INVESTIGADORES
RAIMUNDA daniel Cesar
artículos
Título:
Periplasmic response upon disruption of transmembrane Cu transport in Pseudomonas aeruginosa
Autor/es:
RAIMUNDA, DANIEL; PADILLA-BENAVIDES, TERESITA; VOGT, STEFAN; TOMKINSON, KALEIGH; BOUTIGNY, SYLVAIN; FINNEY, LYDIA; ARGUEELLO, JOSE M
Revista:
METALLOMICS
Editorial:
ROYAL SOC CHEMISTRY
Referencias:
Lugar: CAMBRIDGE; Año: 2013 vol. 5 p. 144 - 151
ISSN:
1756-5901
Resumen:
Pseudomonas
aeruginosa, an opportunistic pathogen, has two transmembrane Cu+ transport
ATPases, CopA1 and CopA2. Both proteins export cytoplasmic Cu+ into the
periplasm and mutation of either gene leads to attenuation of virulence. CopA1
is required for maintaining cytoplasmic copper levels, while CopA2 provides
copper for cytochrome c oxidase assembly. We hypothesized that transported Cu+
ions would be directed to their destination via specific periplasmic partners
and disruption of transport should affect the periplasmic copper homeostasis.

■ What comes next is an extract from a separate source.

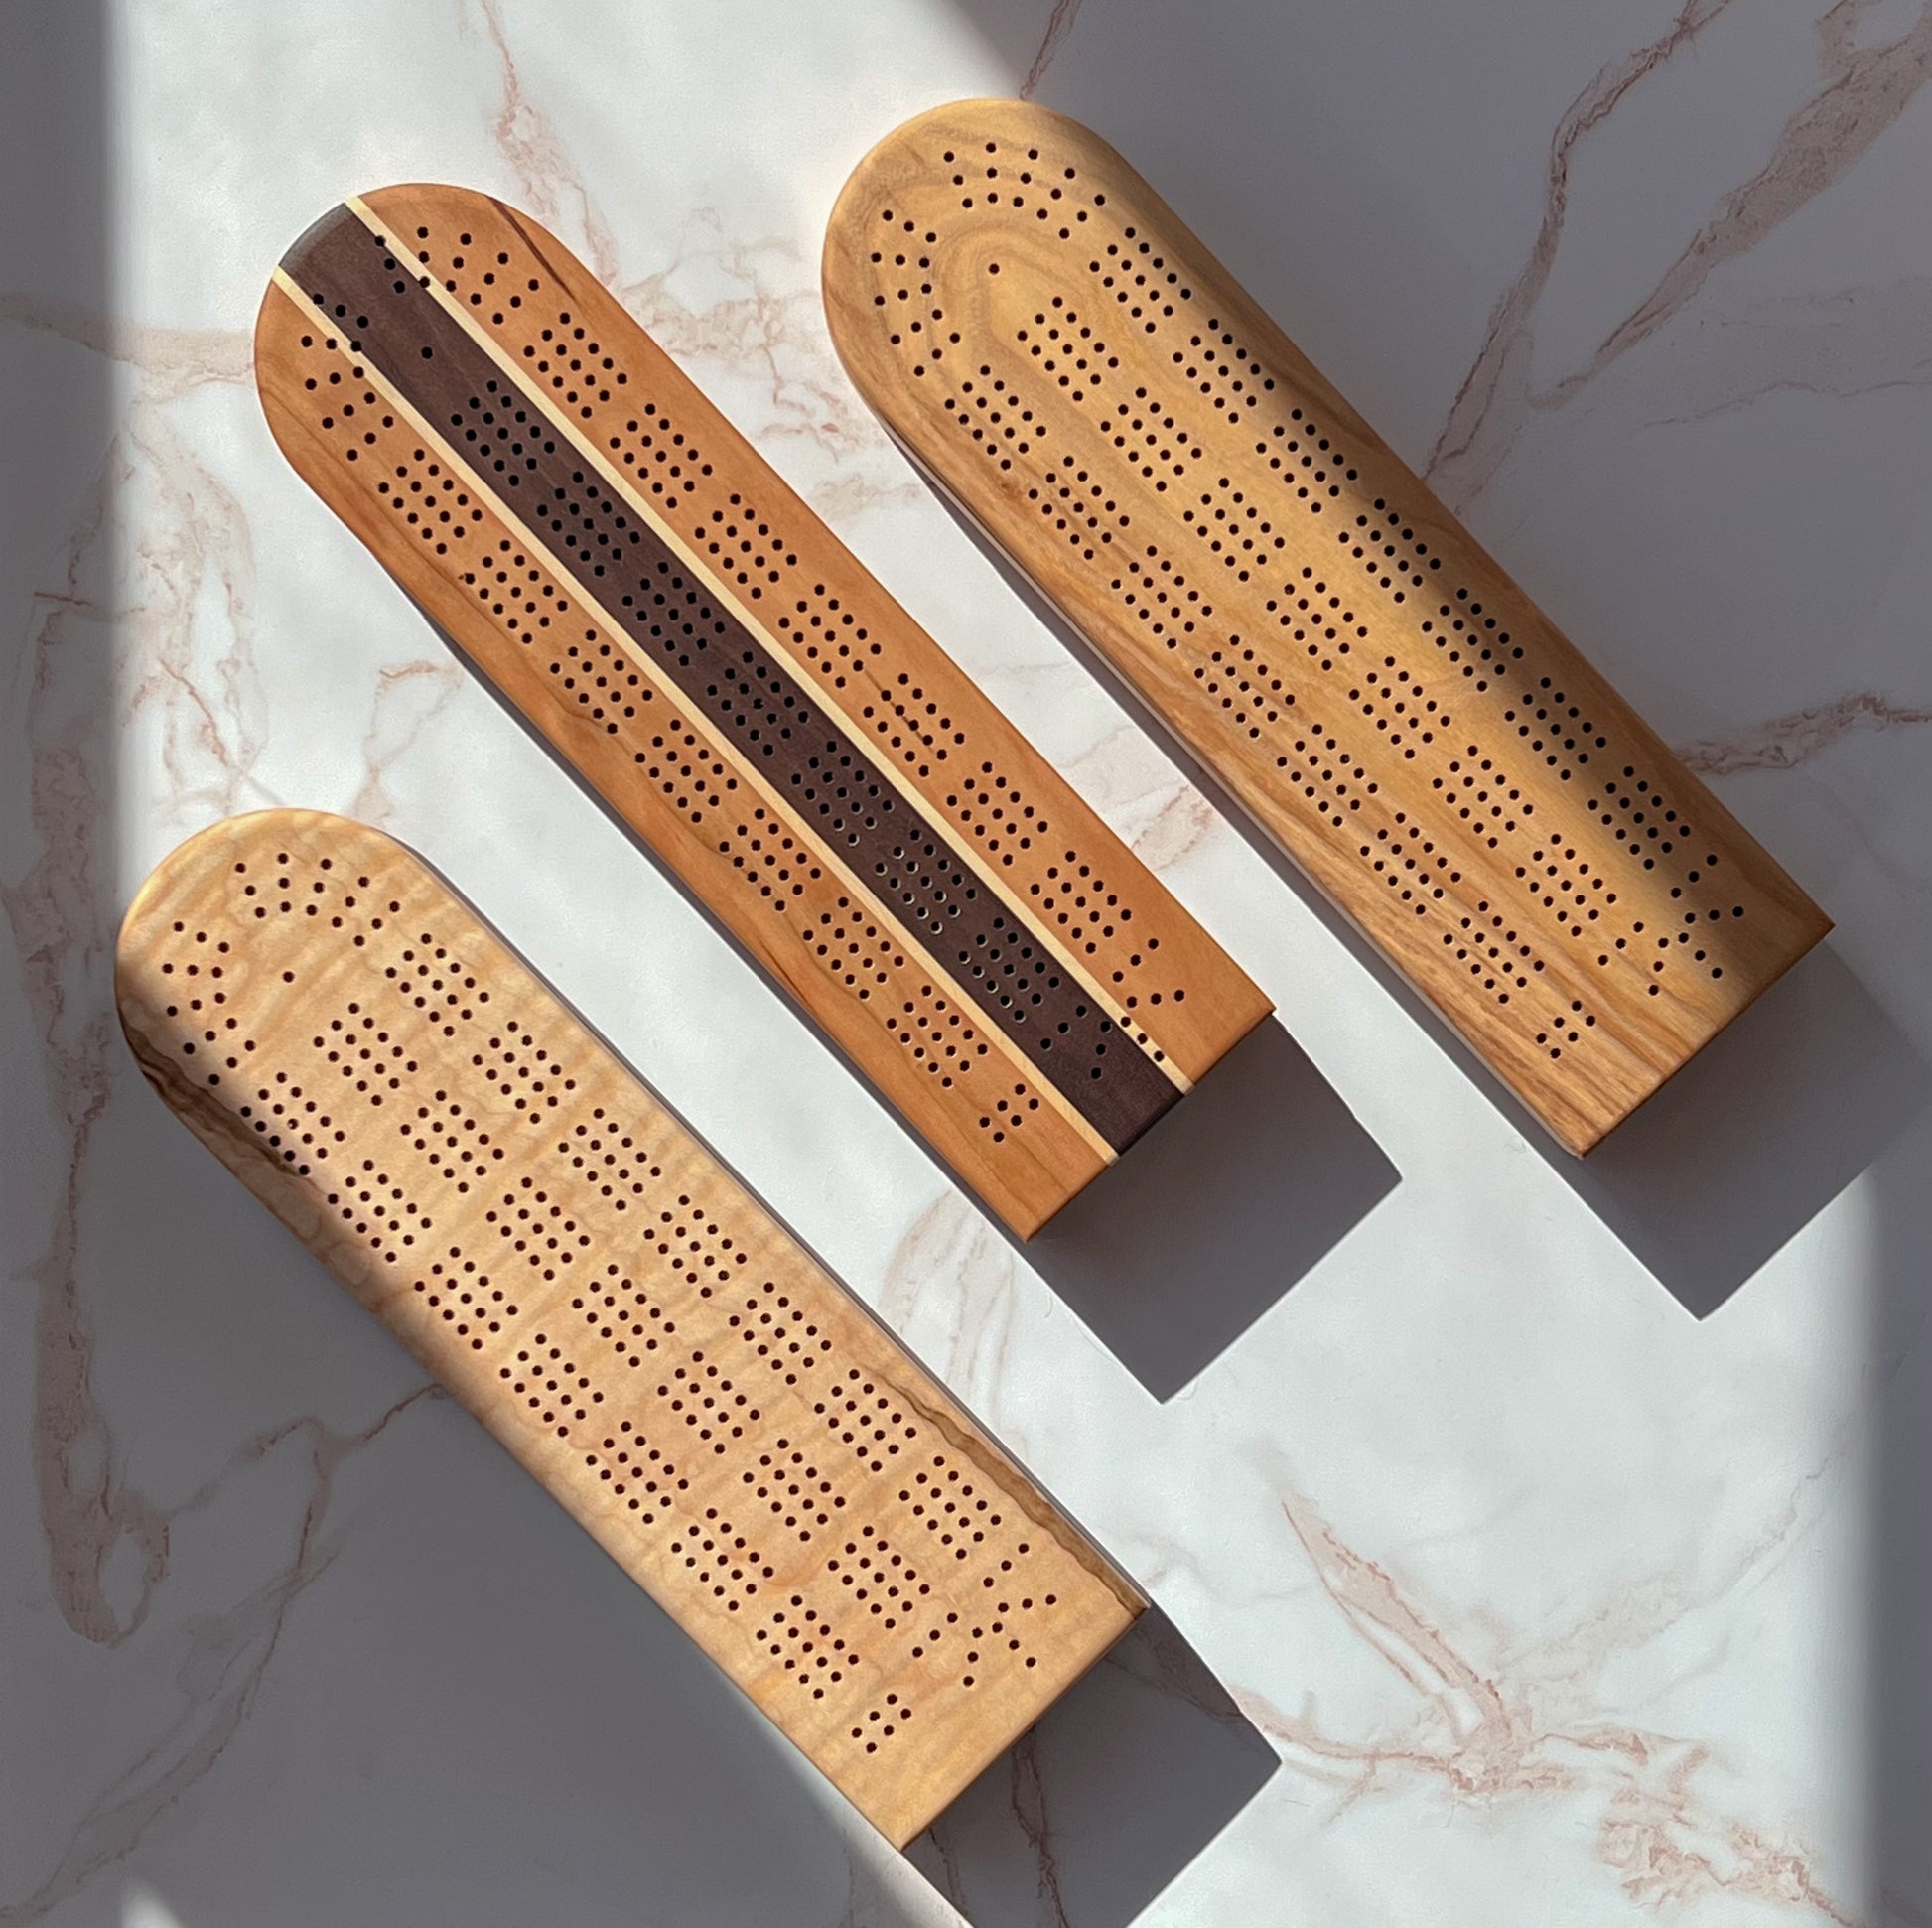 Three handmade wooden cribbage boards with swivel top card and peg storage in 3 different shades of natural wood, one has a dark wood stripe down the middle for an elegant twist made by Camino Woodshop in Milwaukee

Supporting this, mutation of either ATPase gene led to large increments in
periplasmic cuproprotein levels. Toward identifying the proteins participating
in this cellular response the periplasmic metalloproteome was resolved in
non-denaturing bidimensional gel electrophoresis, followed by X-ray
fluorescence visualization and identification by mass-spectrometry. A single
spot containing the electron shuttle protein azurin was responsible for the observed
increments in cuproprotein contents. In agreement, lack of either Cu+-ATPase
induced an increase in azu transcription. This is associated with an increase
in the expression of anr and rpoS oxidative stress response regulators, rather
than cueR, a copper sensing regulator. We propose that azurin overexpression
and accumulation in the periplasm is part of the cellular response to
cytoplasmic oxidative stress in P. aeruginosa.